## [THE TASK]
Write out the data again in full, keeping every character the same.

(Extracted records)
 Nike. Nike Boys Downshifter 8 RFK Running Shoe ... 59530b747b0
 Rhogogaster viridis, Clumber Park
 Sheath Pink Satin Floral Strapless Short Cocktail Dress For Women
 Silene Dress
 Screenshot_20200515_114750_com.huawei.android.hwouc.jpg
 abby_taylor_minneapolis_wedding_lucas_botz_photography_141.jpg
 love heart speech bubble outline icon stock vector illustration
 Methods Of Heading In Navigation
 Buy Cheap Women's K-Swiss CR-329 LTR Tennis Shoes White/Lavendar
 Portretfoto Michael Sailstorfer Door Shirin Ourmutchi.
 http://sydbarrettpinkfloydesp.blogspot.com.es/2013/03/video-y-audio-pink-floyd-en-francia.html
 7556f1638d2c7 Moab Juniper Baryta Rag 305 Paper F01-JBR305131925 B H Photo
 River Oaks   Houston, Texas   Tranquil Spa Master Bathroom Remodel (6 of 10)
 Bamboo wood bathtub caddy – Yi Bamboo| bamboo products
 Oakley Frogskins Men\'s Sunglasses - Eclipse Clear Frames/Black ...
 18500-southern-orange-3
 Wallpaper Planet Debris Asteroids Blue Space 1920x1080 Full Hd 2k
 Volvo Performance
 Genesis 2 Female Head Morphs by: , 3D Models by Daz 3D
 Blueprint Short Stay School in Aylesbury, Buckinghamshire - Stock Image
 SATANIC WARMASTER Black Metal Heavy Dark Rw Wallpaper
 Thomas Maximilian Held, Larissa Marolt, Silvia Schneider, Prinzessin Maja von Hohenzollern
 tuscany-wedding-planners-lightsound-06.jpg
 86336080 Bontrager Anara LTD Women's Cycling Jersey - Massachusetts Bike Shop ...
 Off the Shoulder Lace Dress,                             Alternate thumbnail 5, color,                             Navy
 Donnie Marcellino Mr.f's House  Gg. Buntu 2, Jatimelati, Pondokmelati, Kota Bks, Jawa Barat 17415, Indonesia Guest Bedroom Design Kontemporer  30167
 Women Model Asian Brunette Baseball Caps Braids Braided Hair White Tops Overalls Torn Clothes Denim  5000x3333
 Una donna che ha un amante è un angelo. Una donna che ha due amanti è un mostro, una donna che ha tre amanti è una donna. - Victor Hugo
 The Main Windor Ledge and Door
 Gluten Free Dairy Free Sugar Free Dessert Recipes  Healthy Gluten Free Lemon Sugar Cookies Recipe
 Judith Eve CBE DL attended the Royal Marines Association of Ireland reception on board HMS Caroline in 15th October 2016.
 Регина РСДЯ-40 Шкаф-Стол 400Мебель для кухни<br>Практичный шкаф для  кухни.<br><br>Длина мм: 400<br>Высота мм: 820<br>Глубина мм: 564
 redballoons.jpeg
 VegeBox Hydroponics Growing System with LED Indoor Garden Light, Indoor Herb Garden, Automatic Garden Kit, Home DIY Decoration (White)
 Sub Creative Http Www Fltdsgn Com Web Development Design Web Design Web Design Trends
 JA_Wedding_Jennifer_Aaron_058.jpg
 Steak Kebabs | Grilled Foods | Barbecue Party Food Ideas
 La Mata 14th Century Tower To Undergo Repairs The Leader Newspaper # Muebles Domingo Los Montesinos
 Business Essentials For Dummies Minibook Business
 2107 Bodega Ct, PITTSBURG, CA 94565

## [TASK ANSWER]
 Nike. Nike Boys Downshifter 8 RFK Running Shoe ... 59530b747b0
 Rhogogaster viridis, Clumber Park
 Sheath Pink Satin Floral Strapless Short Cocktail Dress For Women
 Silene Dress
 Screenshot_20200515_114750_com.huawei.android.hwouc.jpg
 abby_taylor_minneapolis_wedding_lucas_botz_photography_141.jpg
 love heart speech bubble outline icon stock vector illustration
 Methods Of Heading In Navigation
 Buy Cheap Women's K-Swiss CR-329 LTR Tennis Shoes White/Lavendar
 Portretfoto Michael Sailstorfer Door Shirin Ourmutchi.
 http://sydbarrettpinkfloydesp.blogspot.com.es/2013/03/video-y-audio-pink-floyd-en-francia.html
 7556f1638d2c7 Moab Juniper Baryta Rag 305 Paper F01-JBR305131925 B H Photo
 River Oaks   Houston, Texas   Tranquil Spa Master Bathroom Remodel (6 of 10)
 Bamboo wood bathtub caddy – Yi Bamboo| bamboo products
 Oakley Frogskins Men\'s Sunglasses - Eclipse Clear Frames/Black ...
 18500-southern-orange-3
 Wallpaper Planet Debris Asteroids Blue Space 1920x1080 Full Hd 2k
 Volvo Performance
 Genesis 2 Female Head Morphs by: , 3D Models by Daz 3D
 Blueprint Short Stay School in Aylesbury, Buckinghamshire - Stock Image
 SATANIC WARMASTER Black Metal Heavy Dark Rw Wallpaper
 Thomas Maximilian Held, Larissa Marolt, Silvia Schneider, Prinzessin Maja von Hohenzollern
 tuscany-wedding-planners-lightsound-06.jpg
 86336080 Bontrager Anara LTD Women's Cycling Jersey - Massachusetts Bike Shop ...
 Off the Shoulder Lace Dress,                             Alternate thumbnail 5, color,                             Navy
 Donnie Marcellino Mr.f's House  Gg. Buntu 2, Jatimelati, Pondokmelati, Kota Bks, Jawa Barat 17415, Indonesia Guest Bedroom Design Kontemporer  30167
 Women Model Asian Brunette Baseball Caps Braids Braided Hair White Tops Overalls Torn Clothes Denim  5000x3333
 Una donna che ha un amante è un angelo. Una donna che ha due amanti è un mostro, una donna che ha tre amanti è una donna. - Victor Hugo
 The Main Windor Ledge and Door
 Gluten Free Dairy Free Sugar Free Dessert Recipes  Healthy Gluten Free Lemon Sugar Cookies Recipe
 Judith Eve CBE DL attended the Royal Marines Association of Ireland reception on board HMS Caroline in 15th October 2016.
 Регина РСДЯ-40 Шкаф-Стол 400Мебель для кухни<br>Практичный шкаф для  кухни.<br><br>Длина мм: 400<br>Высота мм: 820<br>Глубина мм: 564
 redballoons.jpeg
 VegeBox Hydroponics Growing System with LED Indoor Garden Light, Indoor Herb Garden, Automatic Garden Kit, Home DIY Decoration (White)
 Sub Creative Http Www Fltdsgn Com Web Development Design Web Design Web Design Trends
 JA_Wedding_Jennifer_Aaron_058.jpg
 Steak Kebabs | Grilled Foods | Barbecue Party Food Ideas
 La Mata 14th Century Tower To Undergo Repairs The Leader Newspaper # Muebles Domingo Los Montesinos
 Business Essentials For Dummies Minibook Business
 2107 Bodega Ct, PITTSBURG, CA 94565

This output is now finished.